What is required -
Only the lines from the one with "Method, system and" to the end of the data, both ends included, should be output, exactly as they stand and without pictures.

Raw data -
##########

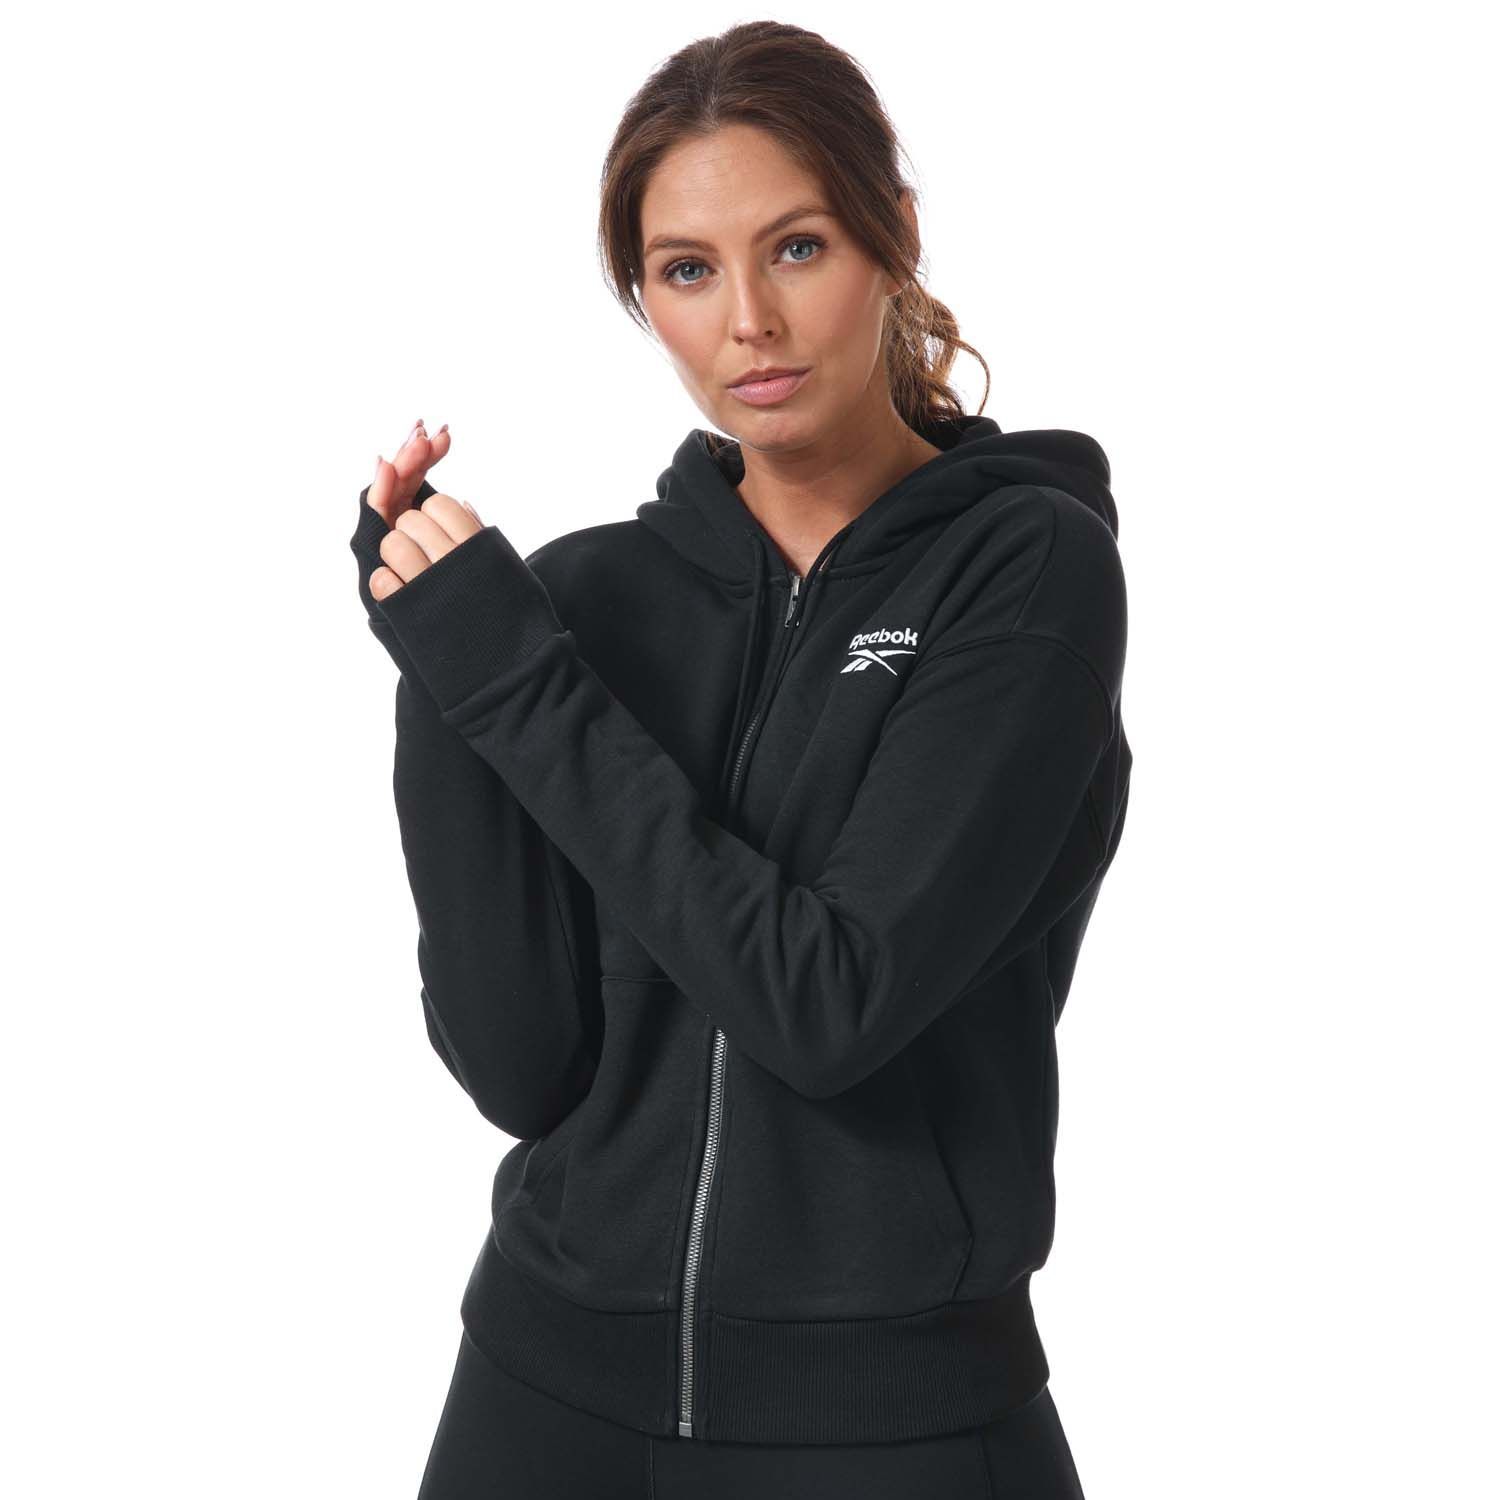 Womens Reebok Identity Zip- Up Track Top in black.- Drawcord-adjustable hood.- Long sleeves with ribbed cuffs.- Full zip fastening.- Kangaroo pocket.- Ribbed hem.- Small logo.- Oversize fit.- Main Material: 80% Cotton  20% Polyester (Recycled). Rib Part: 95% Cotton  5% Elastane. - Ref:GL2561
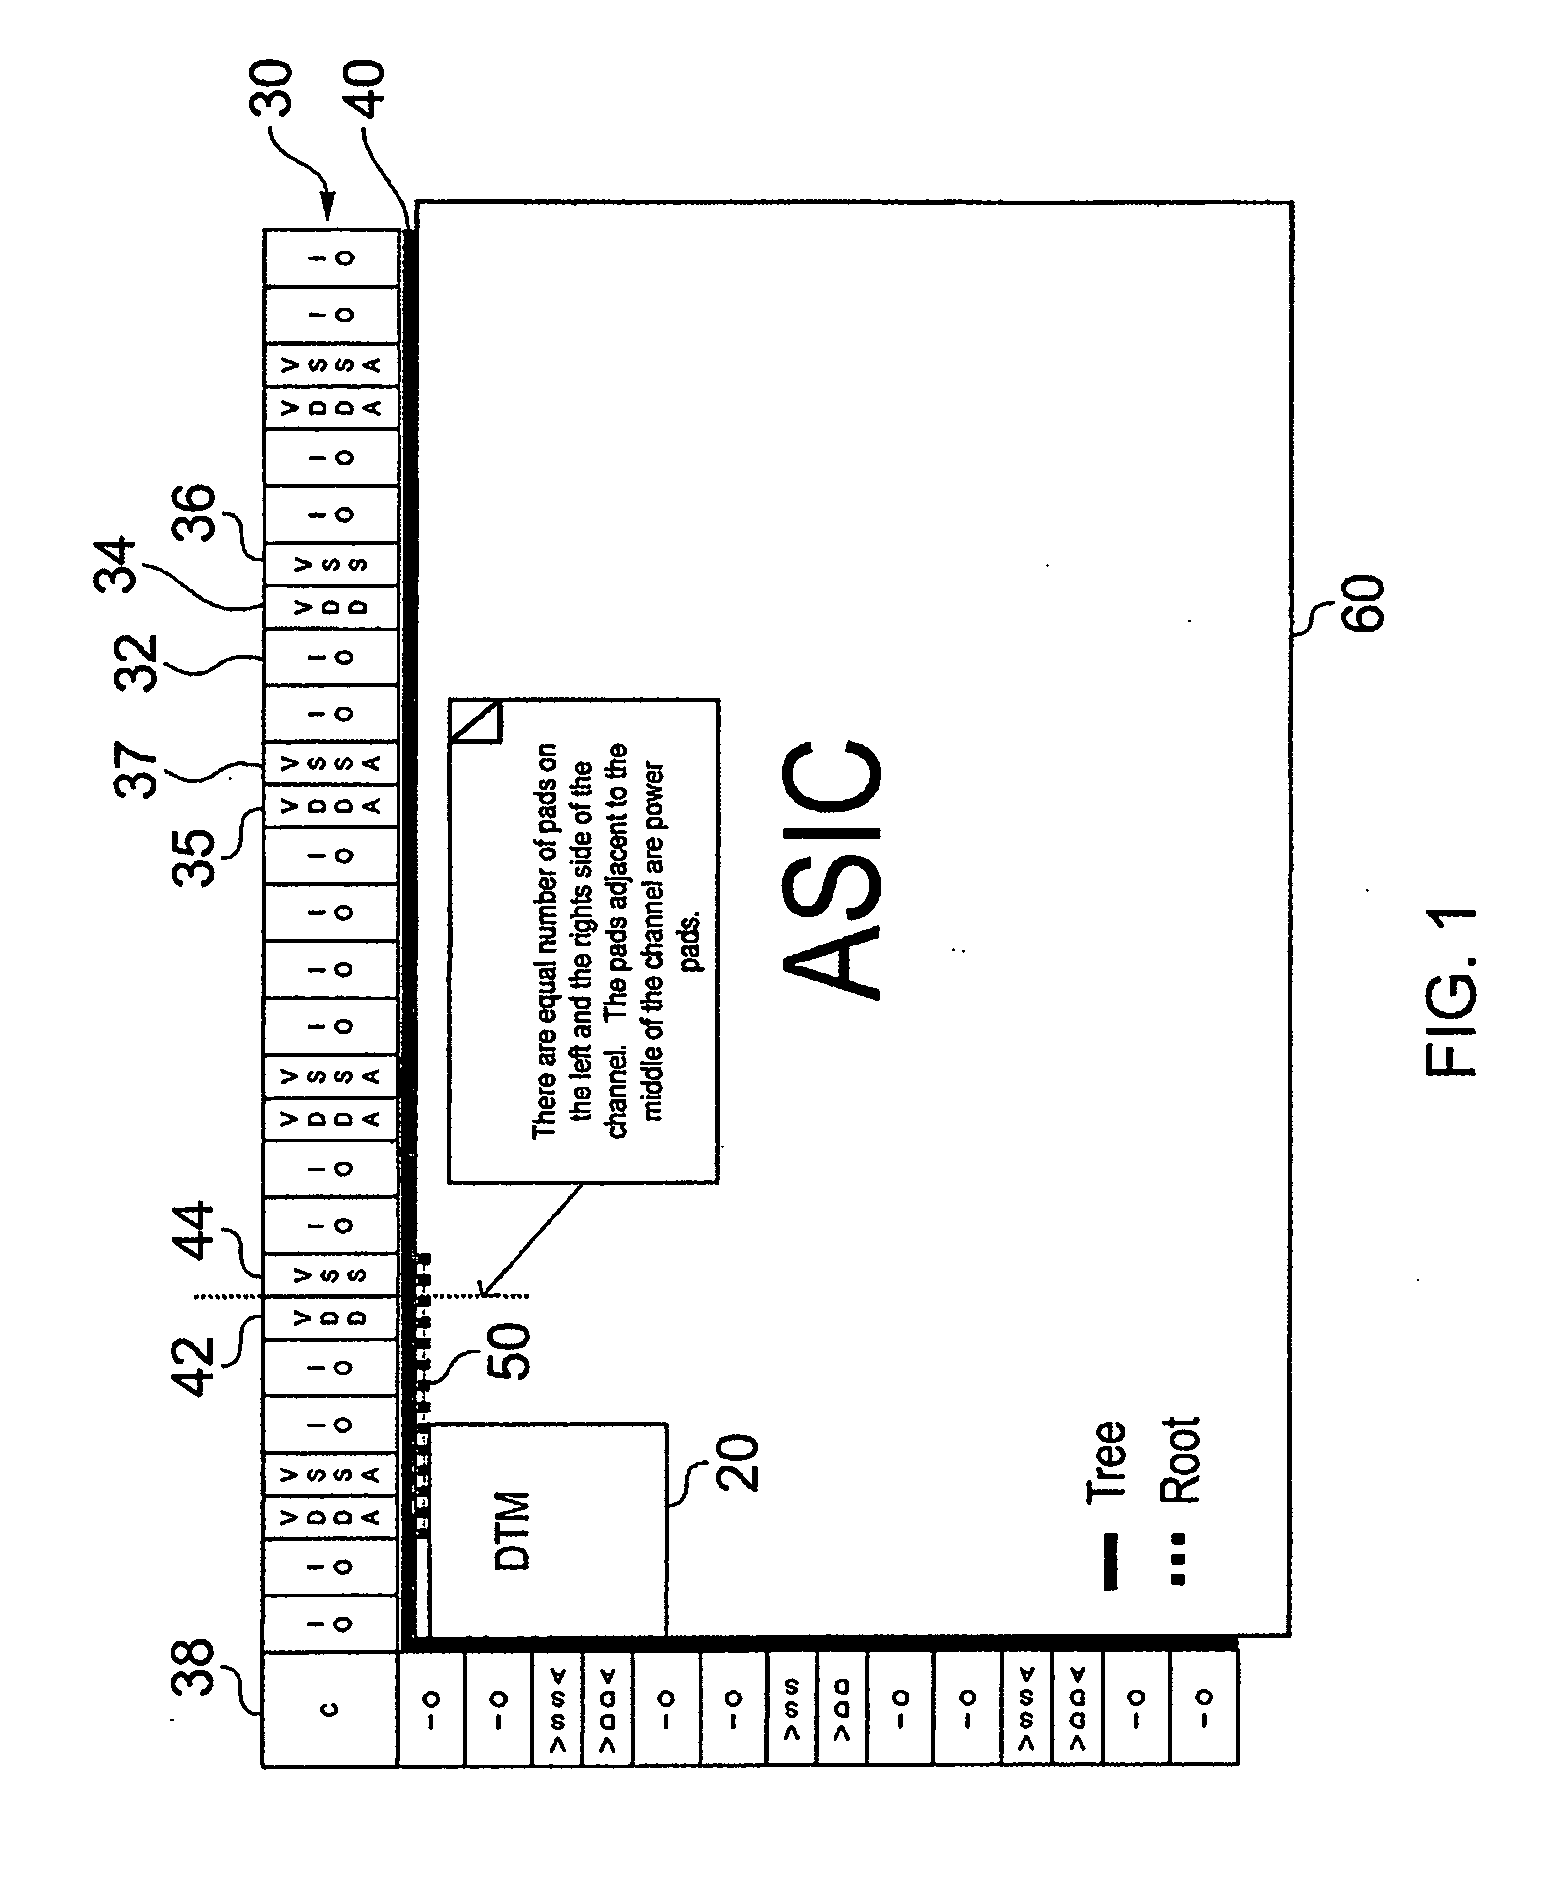 Method, system and computer program product for determining routing of data paths in interconnect circuitry
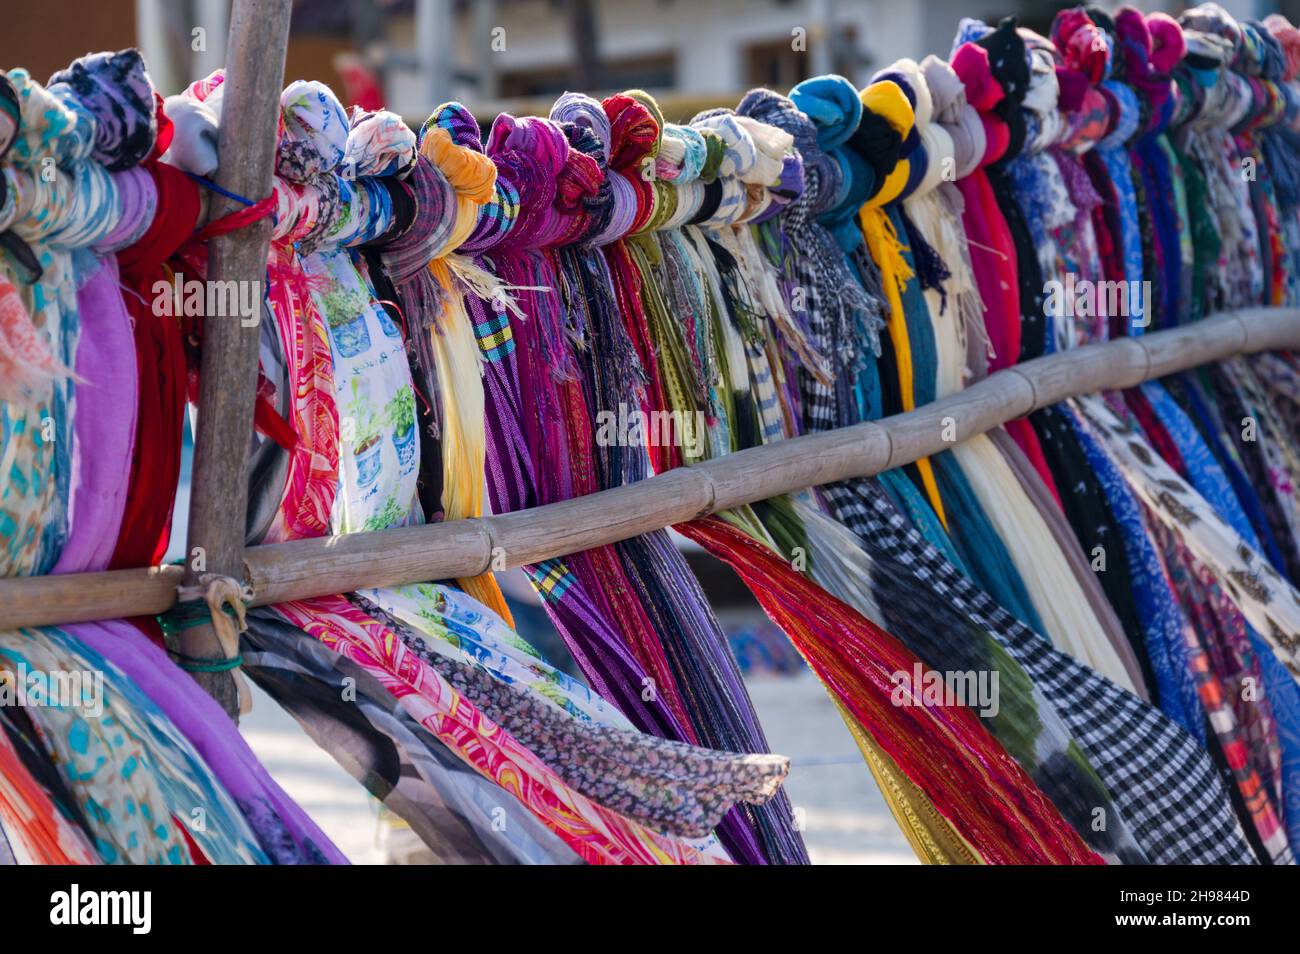 Colourful traditional fabric garments on display for sale on beach, Diani, Kenya Stock Photo

##########

Solution to the problem -
 Method, system and computer program product for determining routing of data paths in interconnect circuitry
 Colourful traditional fabric garments on display for sale on beach, Diani, Kenya Stock Photo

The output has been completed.